Banu Cennetoglu’s powerful work The List appeared in Liverpool in July as part of the city’s biennial (until 28 October). The piece features the names of the refugees, asylum seekers and migrants who have died “within or on the borders of Europe since 1993”, according to the anti-racism organisation United for Intercultural Action. It was first used in an art project by Cennetoglu in Amsterdam in 2007, and has been shown in grimly updated form in cities as far-flung as Athens, Sofia, Istanbul and Los Angeles. In its Liverpool incarnation, The List contains 34,361 names.

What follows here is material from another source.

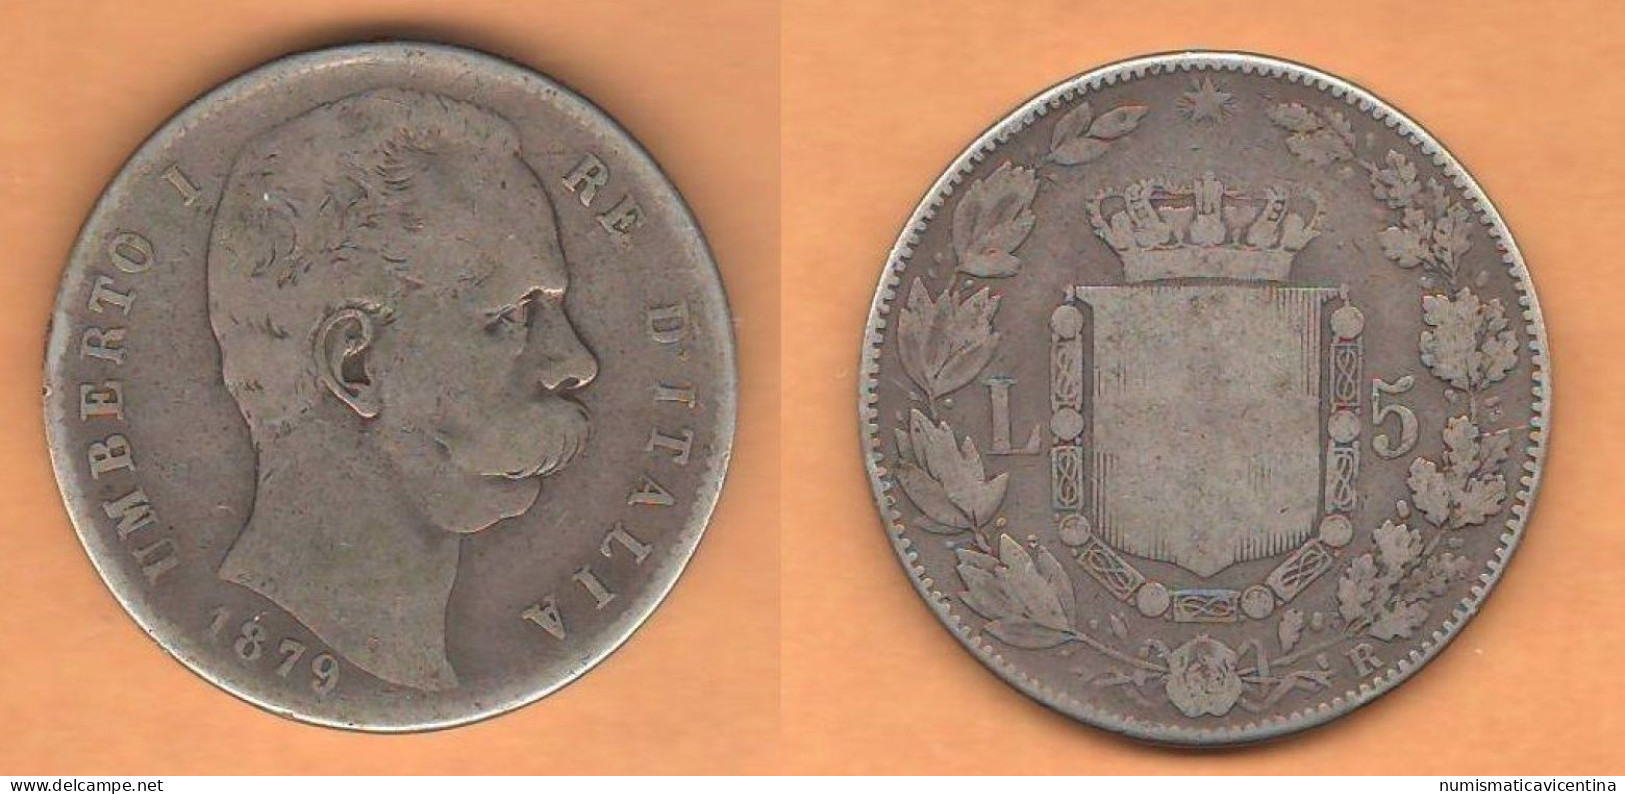 Italia 5 Lire 1879 Re Umberto I°  Italie Italy Silver Coin - 1878-1900 : Umberto I.

Twice, however, the 280m-long hoardings have been attacked, with the posters containing the list ripped down. Cennetoglu decided to leave the work in tatters “as a manifestation and reminder of this systematic violence exercised against people”.
The shredded, graffitied posters in Liverpool add to the potency of Cennetoglu’s gesture: they are a bleak symbol of worsening attitudes to migrant people, of which the detention of children on the US-Mexican border by President Donald Trump’s administration is but the most infamous development.
Like the Liverpool Biennial, this year’s Manifesta in Palermo and the most recent Documenta have reflected how broadly artists are responding to the refugee issue. But making art on the subject is a thorny process. Who can forget Ai Weiwei’s photograph clumsily restaging the shocking image of the body of the Syrian toddler Alan Kurdi washed up on a Turkish beach? The artist Jake Chapman told me that Ai’s response was “fucking obscene”. (Chapman has never made art about refugees; instead, he bought a boat for the charity Refugee Rescue, which has since saved thousands of lives.) The problem of artists responding to the crisis prompted the organisation Refugees, Survivors and Ex-Detainees (Rise) to write a statement in 2015, complete with ten points that artists should consider if they are to make ethical and responsible interventions.
But the fact is that the situation in southern Europe is getting worse. In September, the Guardian newspaper reported that no rescue boats from non-governmental organisations had been present in the central Mediterranean for a number of weeks, because Malta’s and Italy’s anti-immigration policies were keeping rescue boats out of their ports. It reinforced yet again an unfathomable and shaming reality: that politicians in countries signed up to the Geneva Convention, all across Europe, are using populist rhetoric to create a situation in which, as Regina Catrambone, who co-founded the Migrant Offshore Aid Station, put it: “Migrants are dying of a preventable cause, which is the lack of a robust search-and-rescue programme.”
Some artists have documented the authorities’ inadequate response. While making his film Incoming (2017), the photographer and film-maker Richard Mosse—using a military-grade thermographic camera capable of capturing images from a long distance—shot what he described as “a scene from hell” from the Lesbos shore. A boat carrying more than 300 people was shipwrecked several kilometres out to sea, and yet the first boat on the scene, operated by Frontex, the European Border and Coast Guard Agency, was, Mosse says, “designed to monitor and surveil these refugee routes, not to rescue people”. Later, he says, a Frontex helicopter was “swooping in and zooming above… and actually harassing the people who were drowning in the water”.
On the boat was a Syrian artist, Amel el Zakout, who captured the horrific scene on film and survived. Together, her footage and Mosse’s are being used in an investigation of the incident by the Forensic Architecture group, which has been shortlisted for this year’s Turner Prize. Forensic Architecture has form in this field: its Forensic Oceanography project produced a damning report in 2012 on the so-called “left-to-die boat”, on which 63 people died of thirst and starvation in the Mediterranean in 2011, despite contact with a military helicopter. Nato, the report concluded, failed to assist the migrants and prevent the 63 deaths.
It is too early in the latest investigation to know what it will conclude. The collaboration proves that artists can, in various ways, have real-world influence on the issue. Of course, they must be ethical and responsible in dealing with these fragile communities, as Rise advises. But their voices are needed more than ever amid the din of the cynical populists.